Con el paso del tiempo y la proliferación de universidades privadas, la obtención de un título profesional de abogado ha ido en aumento -150 nuevos abogados al mes- y con ello crece la duda si todos los egresados de la universidades adquirimos las competencias, habilidades y destrezas mínimas para el ejercicio profesional, de igual forma se plantea en relación a los puestos y cargos en la administración de justicia, dejando la pregunta si todo abogado puede administrar justicia?, o si estos cargos requieren destrezas sujetas a mayores controles?.

Aportar documentos y no atravesar ningún método de control sobre el fondo de lo que se debe demostrar, es seguir engañándonos y no crear correctivos  es repetir episodios de la historia panameña, que encuentra momentos relacionados a la duda sobre la capacidad de jueces y abogados.
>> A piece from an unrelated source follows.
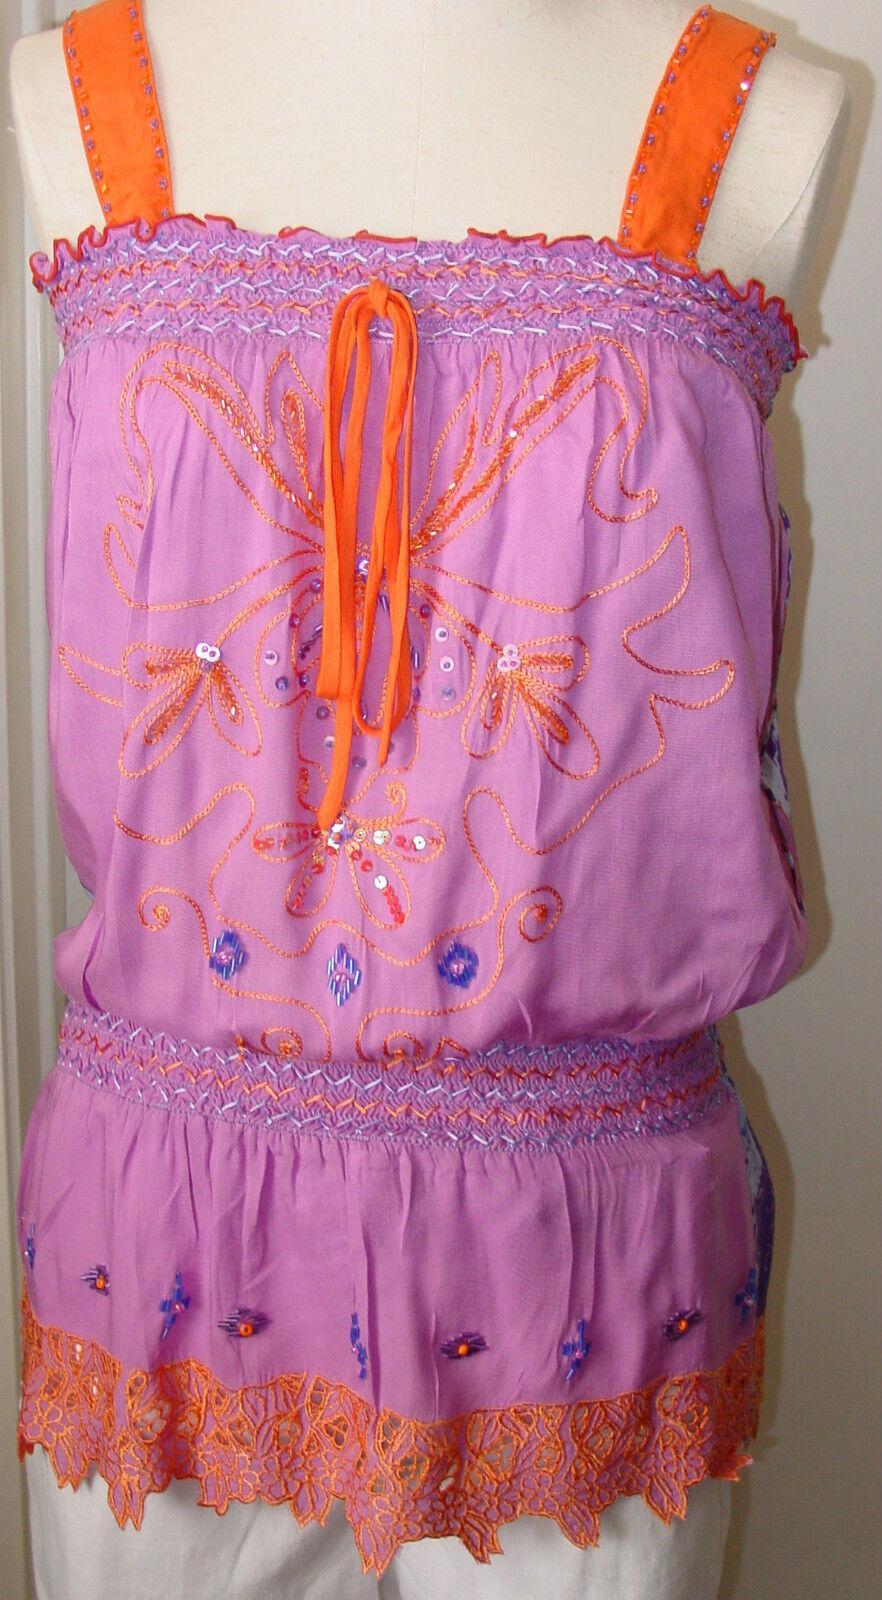 Woherren Top Lilac Rosa Orange Thin Strap Krista Lee Serpentine Embroidery Beads

Como referencia de lo anterior  elijo el siguiente ejemplo, El 5 marzo de 1913, siendo Presidente de la República Belisario Porras, removió de su cargo de Magistrado de la Corte Suprema de Justicia a Nicolás Victoria J. por no haber tenido el interés de acreditar el cumplimiento de los requisitos exigidos por Ley  para desempeñar el empleo de Magistrado.[i]

Una forma eficiente utilizada en diversas disciplinas, ha sido por medio de los procesos de certificación profesional periódicos, que han permitido garantizar uniformidad en acreditas  esas competencias requeridas, los cuales son llevados a cabo mediante controles estatales o exámenes que evalúan y garantizan al ciudadano mínimos de calidad, al menos en lo que a conocimientos se refiere.

En las condiciones actuales del desarrollo de la profesión de abogado, los nuevos egresados  igualmente requieren de una forma real para competir en el mercado profesional, la certificación permite cerrar la brecha entre generaciones de abogados, facilitando incluso, tener mayores opciones de contratación ante un potencial cliente, adicionalmente se reducen los riesgos de una guerra de precios como mecanismo de atraer clientes.

El actual proceso de ratificación, confirma el colapso de un método designación-ratificación, y desde este preciso momento impone un reto, que consiste en no olvidar que en diciembre de 2019 vence otro periodo de Magistrado de la Corte Suprema de Justicia, y la sociedad requiere encontrar nuevos mecanismos que auxilien a encontrar personas que aporten confianza en su propia trayectoria profesional y que sean esta la que pueda ser reconocidas en esos nombramientos.

La idoneidad de Magistrado emitida por el Ministerio de Gobierno ha caducado,  debe transformarse y realmente ser el primer control a conocimientos, capacidades y garante de diferenciar exigencias especiales para el empleo de magistrado. El cual requiere mayores competencias, destrezas y habilidades de aquel que ejerce la profesión de abogado de forma privada en cualquier disciplina.

La batalla política que vivimos con las actuales designaciones, trae mayor descrédito al Órgano del Judicial, producto de los políticos de turno que no han tenido la voluntad de dejar un legado de transformación, por eso el momento es de poner en practica las lecciones aprendidas, que se  generen cambios y que los mismos  no sean cosméticos.

Aprovecho para mencionar que ya reposa en la Asamblea de Diputados un Proyecto de Ley (el 249 de septiembre de 2015[ii]) que aborda la necesidad de un examen de conocimientos previo a la emisión de la idoneidad para abogados, que puede  ampliarse en lo concerniente a los Magistrados y agregar las diversas fórmulas que generen los consensos necesarios, para  promover una nueva Ley de la Abogacía acorde a las exigencias sociales.

Lo realmente importante es no dilatar  ésta discusión y que las propuestas surjan.